# Hyperparameter Optimization

For this exercise, we will have a look at Hyperparameter Optimization --
instead of just choosing the best type of machine learning model, we also want
to choose the best hyperparameter setting for a task. The end result (i.e. the
predictive performance) is again not important; how you get there is.

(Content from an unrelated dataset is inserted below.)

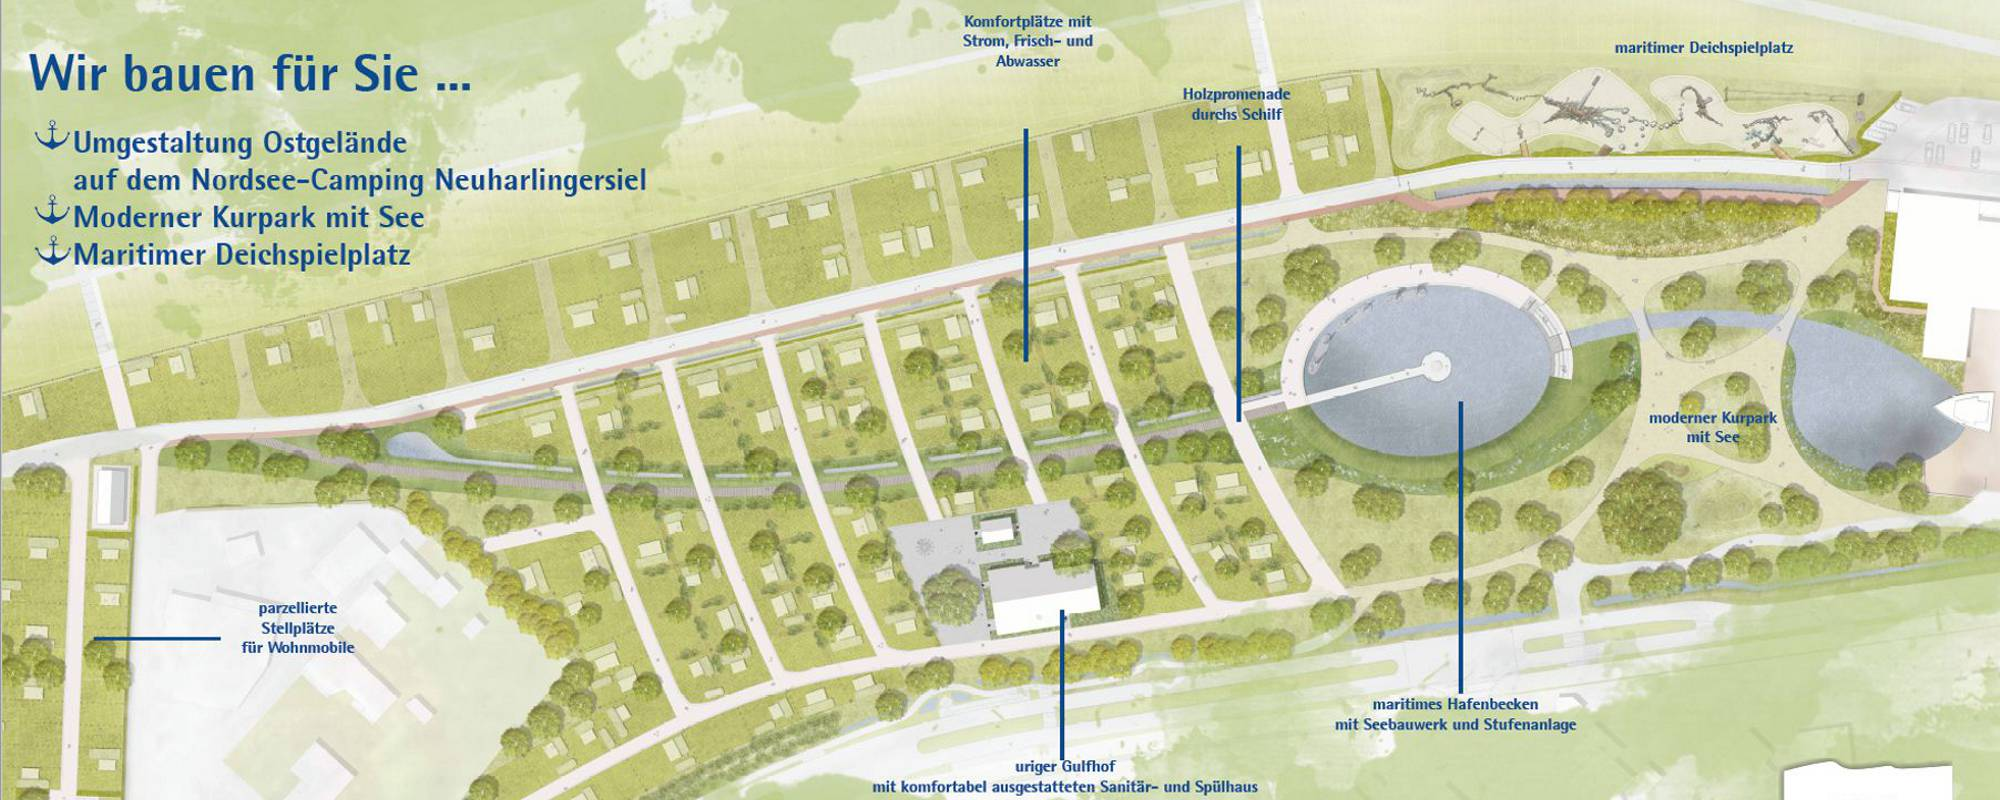 Umgestaltung Nordsee Campingplatz Neuharlingersiel

Your deliverable will be a report, written in a style that it
would be suitable for inclusion in an academic paper as the "Experimental
Setup" section or similar. If unsure, check an academic paper of your choice,
for example [this one](https://www.eecs.uwyo.edu/~larsko/papers/pulatov_opening_2022-1.pdf). The
level of detail should be higher than in a typical academic paper though. Your
report should be at most five pages, including references and figures but
excluding appendices. It should have the following structure:
- Introduction: What problem are you solving, how are you going to solve it.
- Dataset Description: Describe the data you're using, e.g. how many features and observations, what are you predicting, any missing values, etc.
- Experimental Setup: What specifically are you doing to solve the problem, i.e.\ what programming languages and libraries, how are you processing the data, what machine learning algorithms are you considering and what hyperparameters and value ranges, what measures you are using to evaluate them, what hyperparameter optimization method you chose, etc.
- Results: Description of what you observed, including plots. Compare
  performance before and after tuning, and show the best configuration.
- Code: Add the code you've used as a separate file.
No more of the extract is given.